Finding the right cutoffs manually

[ColeKeenum]

Hello,

Thanks for your work on this package, I think that this is a serious contribution to helping resolve a lot of issues that people are having with CITE-Seq and related single-cell techniques these days. I thought that other people might have had a similar issue as below, or that others will encounter this in the future.

I am trying to analyze a CITE-Seq dataset from mouse lung tissue that we generated with 10X. However, I cannot follow the procedure listed in your vignette because I do not see a third population of cells to the right-side of my histogram for the ADT data (shown below). Therefore, I am unsure how to identify a proper background for the ADT raw data. Could anyone provide guidance on how to define a background for proper analysis? Or have I performed improper sequencing?

This is the same image, with a cutoff on the a-axis of 2.5:

I made these plots with the following code, adapted from the vignette:

prot <- readRDS("prot_merged.rds") #raw merged count matrices
rna <- readRDS("rna_merged.rds") #raw merged count matrices

rna_size = log10(Matrix::colSums(rna))
prot_size = log10(Matrix::colSums(prot))
ngene = Matrix::colSums(rna > 0)
mtgene = grep(pattern = "^mt-", rownames(rna), value = TRUE)
propmt = Matrix::colSums(rna[mtgene, ]) / Matrix::colSums(rna)
md = as.data.frame(cbind(propmt, rna_size, ngene, prot_size))
md$bc = rownames(md)

p1 = ggplot(md[md$rna_size > 0, ], aes(x = rna_size)) + geom_histogram(fill = "dodgerblue") + ggtitle("RNA library size \n distribution")
p2 = ggplot(md[md$prot_size> 0, ], aes(x = prot_size)) + geom_histogram(fill = "firebrick2") + ggtitle("Protein library size \n distribution")
cowplot::plot_grid(p1, p2, nrow = 1)
ggsave("raw_histogram.png", width = 10, height = 5)

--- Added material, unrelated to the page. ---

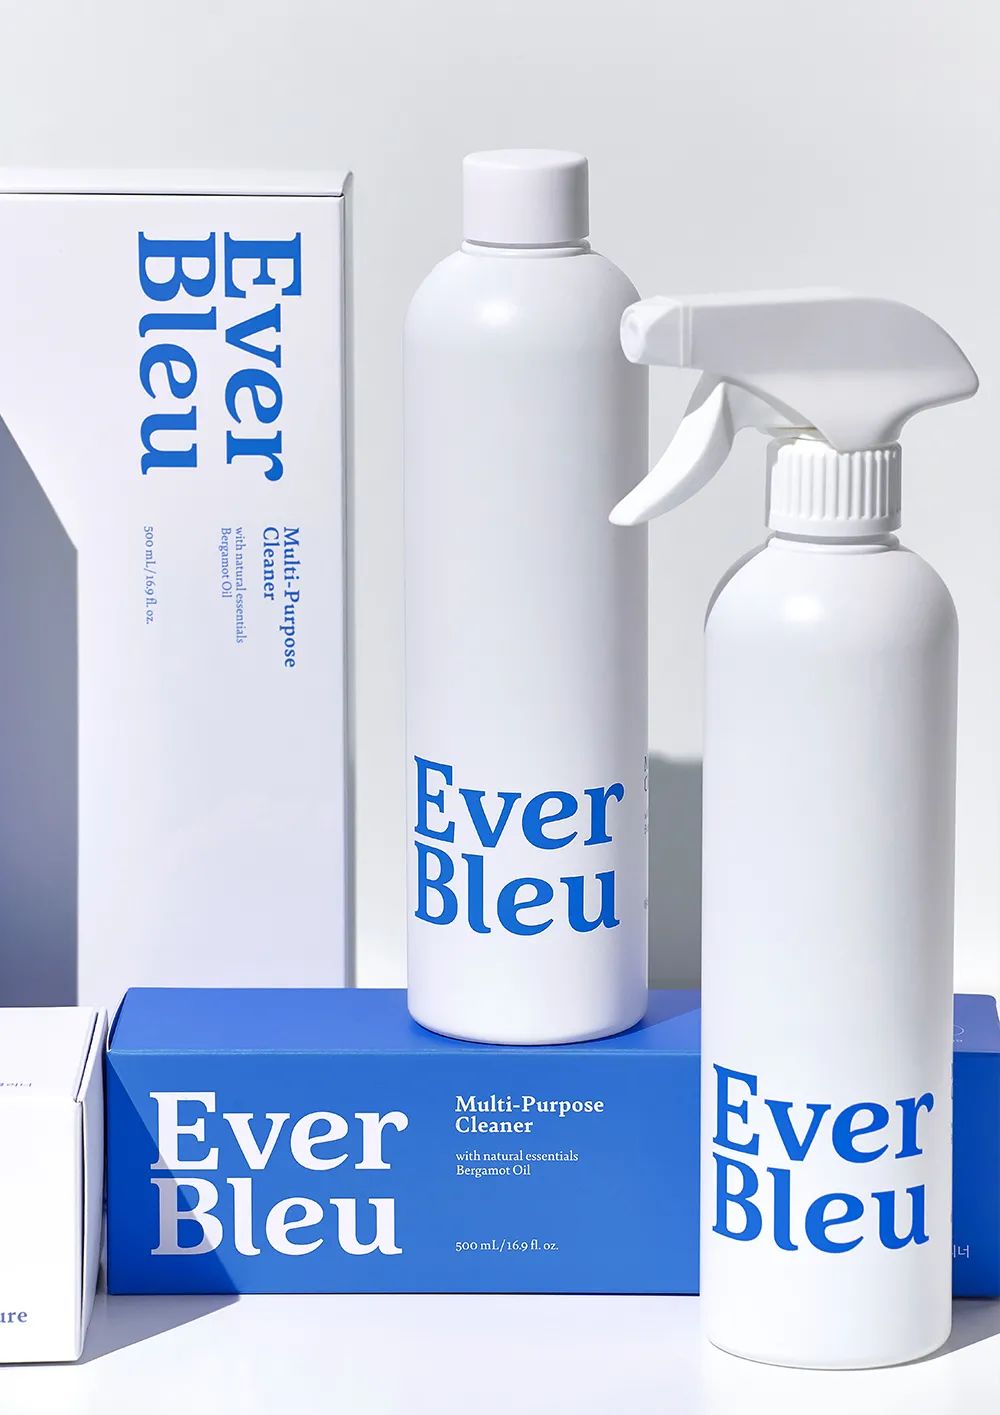 生活方式产品品牌“Ever Bleu”,品牌全案包装设计w21.jpg

p1 = ggplot(md[md$rna_size > 2.5, ], aes(x = rna_size)) + geom_histogram(fill = "dodgerblue") + ggtitle("RNA library size \n distribution")
p2 = ggplot(md[md$prot_size> 2.5, ], aes(x = prot_size)) + geom_histogram(fill = "firebrick2") + ggtitle("Protein library size \n distribution")
cowplot::plot_grid(p1, p2, nrow = 1)
ggsave("zoomed_raw_histogram.png", width = 10, height = 5)

[MattPM]

hi @ColeKeenum, thanks for using the method, those plots look good. It is a bit easier to estimate knowing the number of cells are you expecting to recover in your experiment?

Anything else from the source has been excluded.